[[ RECORDS TO USE open ]]

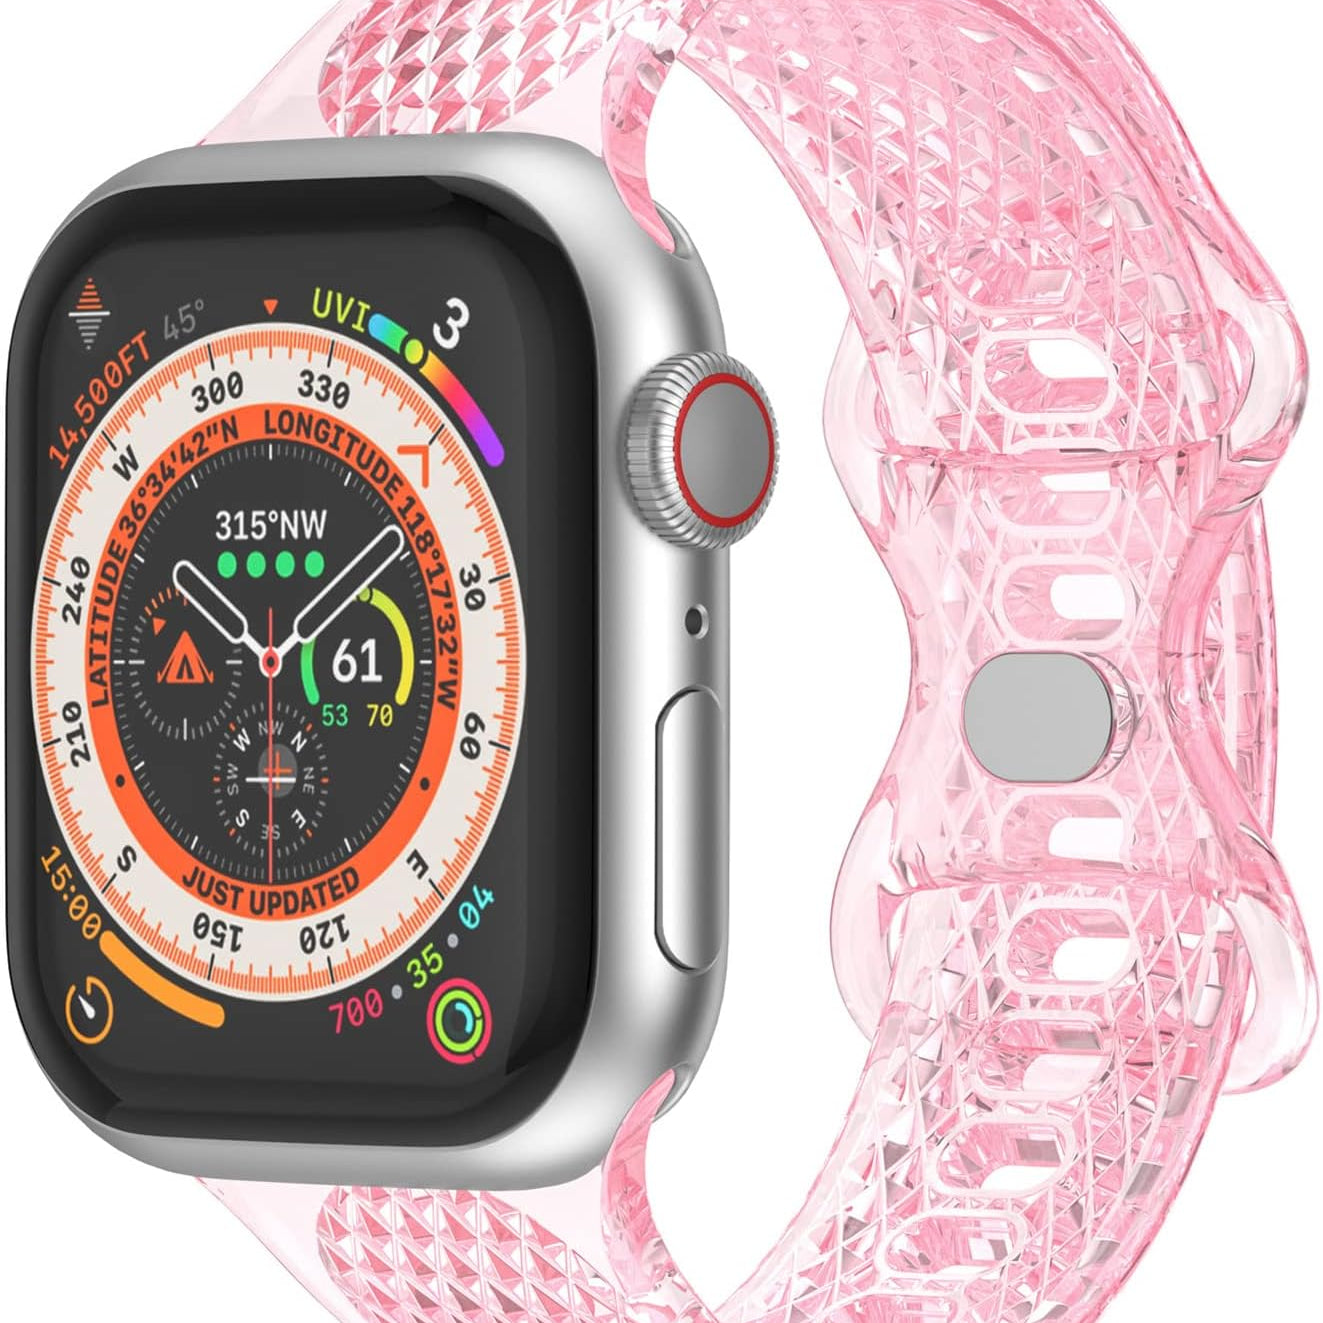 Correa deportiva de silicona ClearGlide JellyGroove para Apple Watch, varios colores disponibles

[[ RECORDS TO USE closed ]]
[[ RECORDS TO USE open ]]

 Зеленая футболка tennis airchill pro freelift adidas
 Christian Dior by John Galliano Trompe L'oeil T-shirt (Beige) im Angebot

[[ RECORDS TO USE closed ]]
[[ RECORDS TO USE open ]]

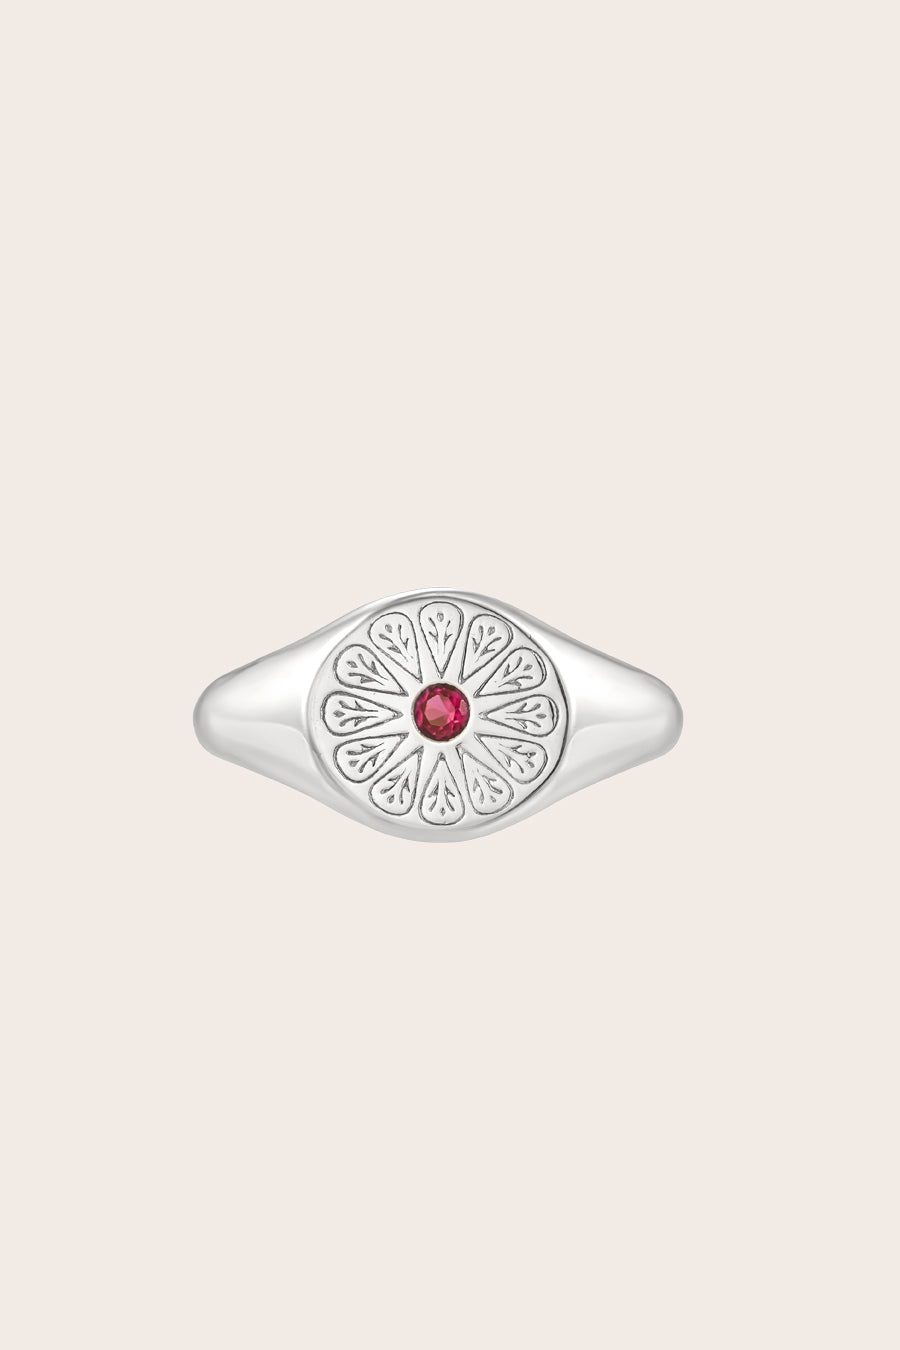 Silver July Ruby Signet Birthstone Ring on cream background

[[ RECORDS TO USE closed ]]

In your answer, include only the lines above starting at the line that holds "Зеленая футболка tennis" and ending at the line that holds "Christian Dior by", copied exactly.

 Зеленая футболка tennis airchill pro freelift adidas
 Christian Dior by John Galliano Trompe L'oeil T-shirt (Beige) im Angebot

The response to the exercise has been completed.